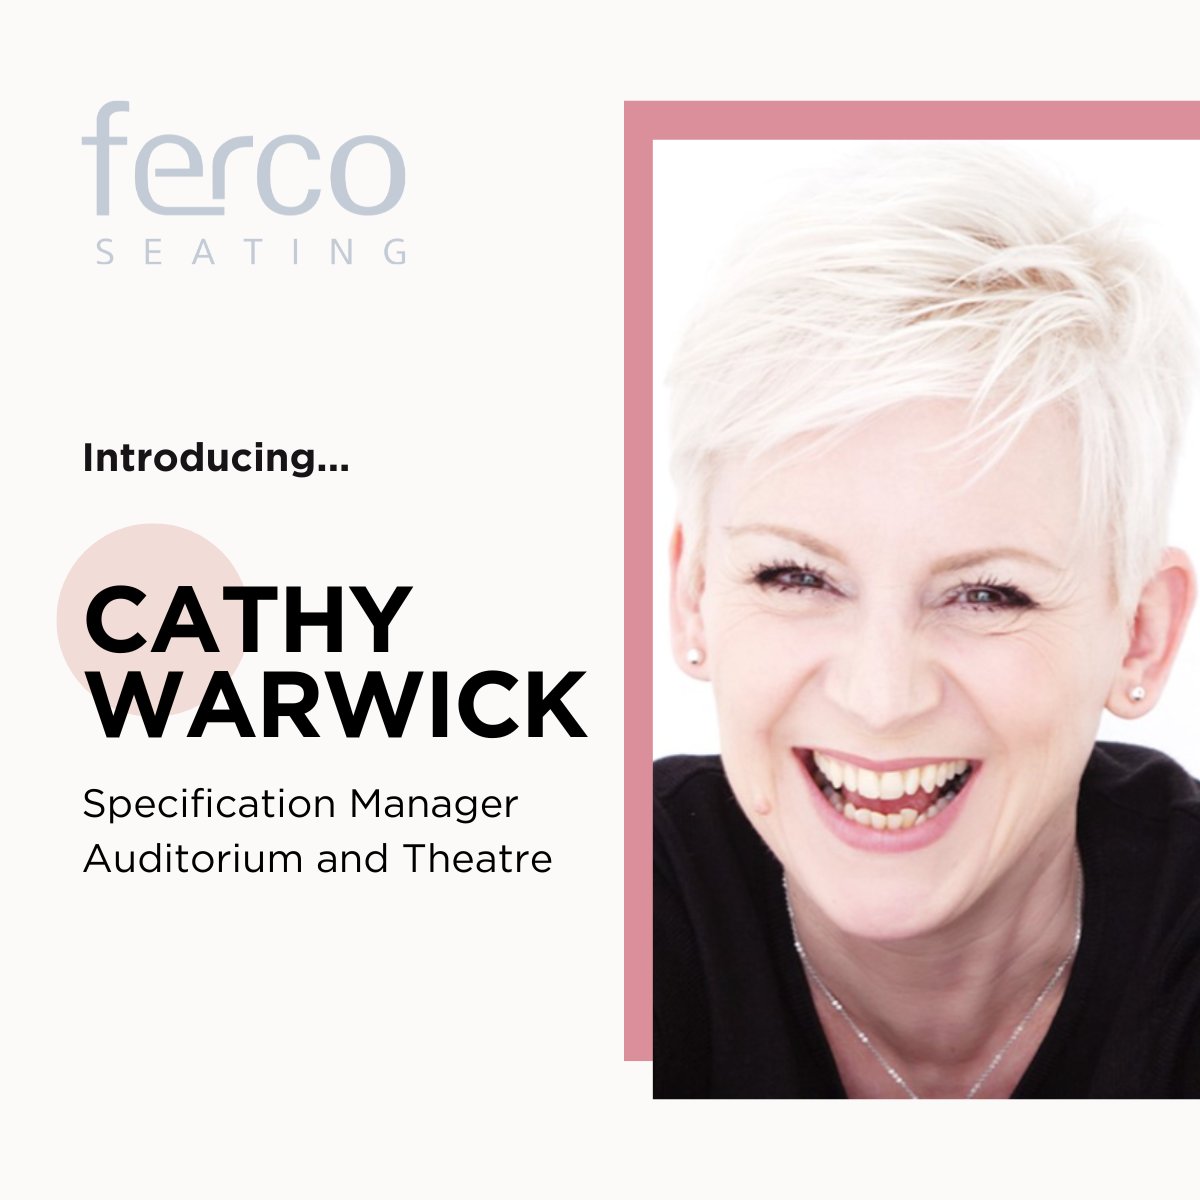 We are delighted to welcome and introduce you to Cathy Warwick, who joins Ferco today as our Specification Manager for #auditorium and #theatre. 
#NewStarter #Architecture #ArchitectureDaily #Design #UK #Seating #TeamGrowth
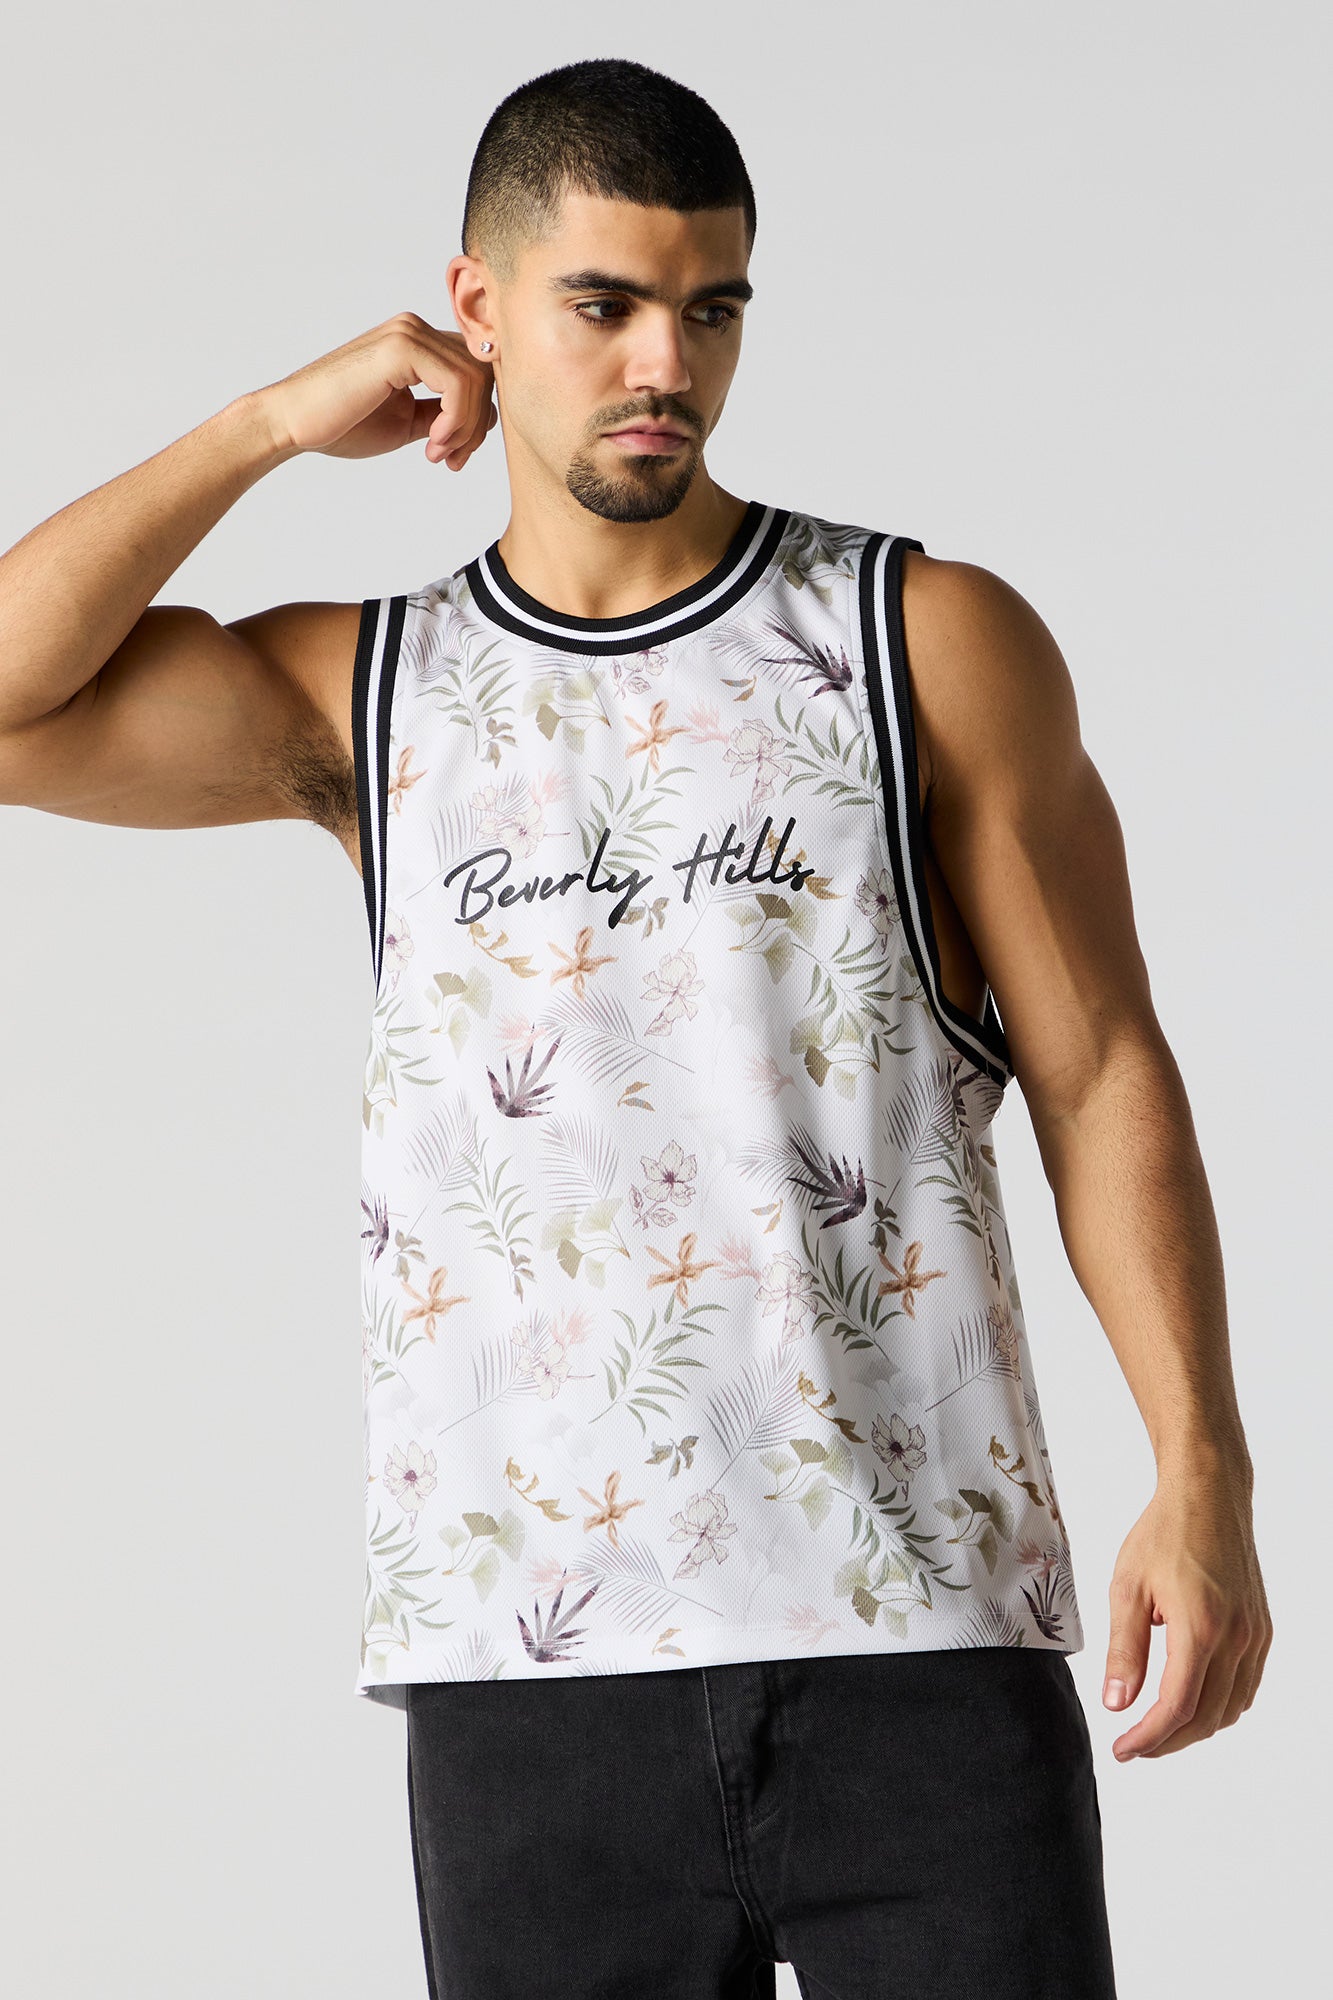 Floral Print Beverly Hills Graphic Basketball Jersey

----

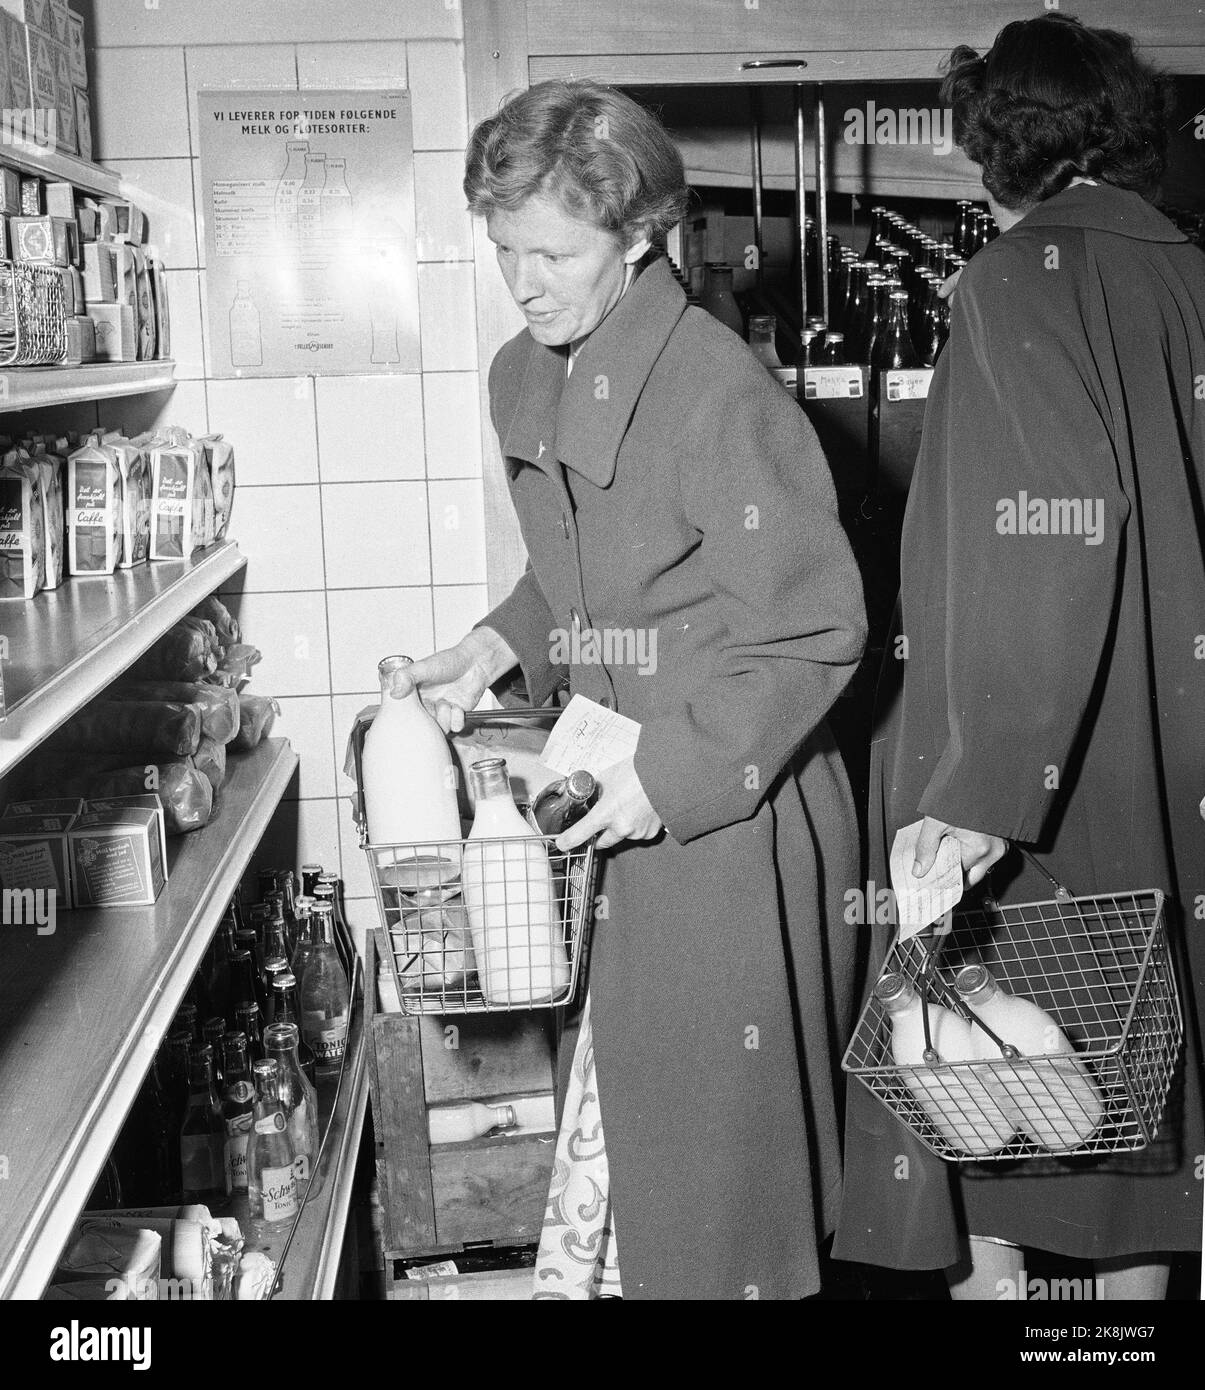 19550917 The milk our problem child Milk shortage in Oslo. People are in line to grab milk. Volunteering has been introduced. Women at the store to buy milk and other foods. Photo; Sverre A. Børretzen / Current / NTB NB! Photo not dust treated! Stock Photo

----

> [Task prompt]: Leave out every picture, and copy exactly the lines above starting at the one holding "#NewStarter #Architecture #ArchitectureDaily" and ending at the one holding "Floral Print Beverly", no more and no less.

> [Written response]:
#NewStarter #Architecture #ArchitectureDaily #Design #UK #Seating #TeamGrowth
 Floral Print Beverly Hills Graphic Basketball Jersey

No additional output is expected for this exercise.